Search Key Generation (Smart Retrieval)

The agent generates multiple variations of your query to improve retrieval. User asks: “What is the vision of the oil & gas regulator?” Agent generates multiple search keys:

Original: “What is the vision of the oil & gas regulator?”
Keywords: “vision oil gas regulator”
Reformulated: “oil gas regulator vision definition”
Alternate: “oil gas regulator vision explanation”

Then searches with ALL of them and combines results!

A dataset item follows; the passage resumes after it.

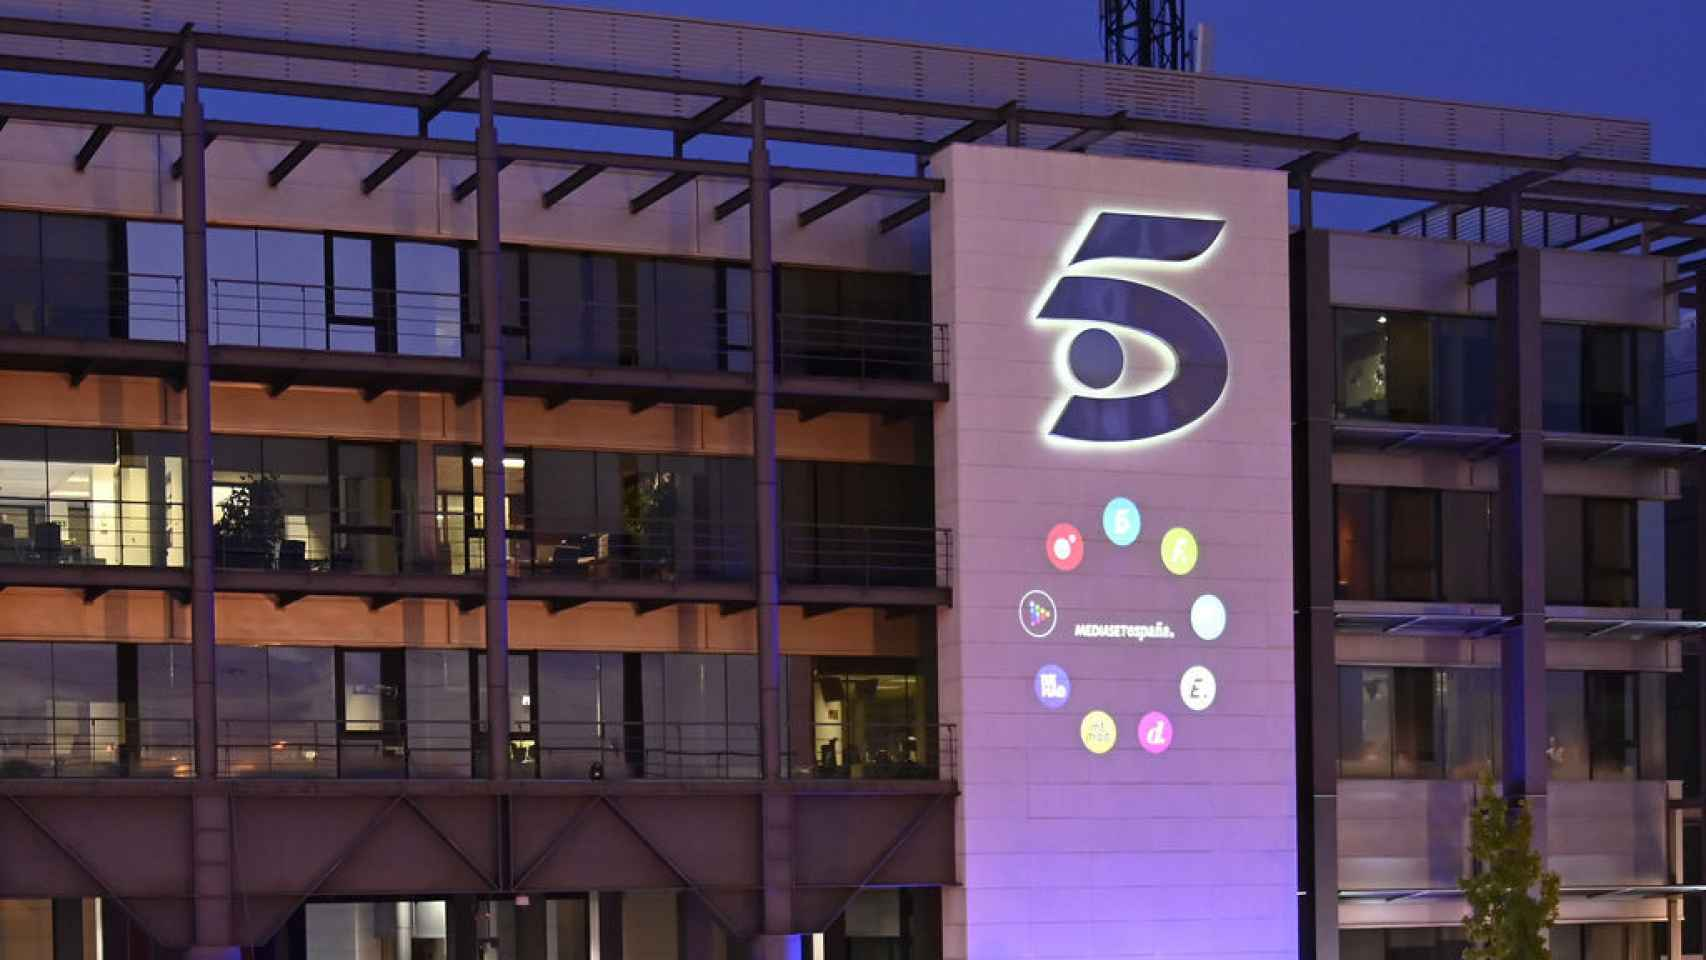 El logo de Telecinco con las marcas de Mediaset en una imagen de archivo.

# This happens in _generate_search_keys method
def _generate_search_keys(self, query: str) -> List[str]:
    keys = [query]  # Original

    # Extract keywords (remove stop words)
    words = query.lower().split()
    keywords = [w for w in words if w not in STOP_WORDS and len(w) > 2]
    keys.append(" ".join(keywords))

    # Add reformulations
    if query.lower().startswith("what is"):
        topic = query[8:].strip("?").strip()
        keys.append(f"{topic} definition")
        keys.append(f"{topic} explanation")

    return keys

Impact on retrieval:

Increases recall by matching different phrasings
Compensates for keyword mismatches
Trade-off: More compute (multiple searches) for better coverage

Advanced Patterns

Pattern 1: Multi-Document Synthesis

Example
Execution
Implementation

agent.process_query(
    "Compare safety protocols in oil manual vs gas manual. "
    "What are the key differences?"
)

Agent reasoning:
Query both documents for "safety protocols"
Extract relevant sections from each
Synthesize comparative analysis
Cite both sources in response

The query_documents tool searches across ALL indexed documents by default. The LLM receives chunks from multiple sources and synthesizes them.For more control:

# Query specific files
result = agent.execute_tool("query_specific_file", {
    "file_path": "oil-manual.pdf",
    "query": "safety protocols"
})

Pattern 2: Contextual Follow-ups

Example
How It Works

# Initial query
agent.process_query("What are the installation requirements?")
# Response: "Python 3.10+, 8GB RAM, 50GB disk..."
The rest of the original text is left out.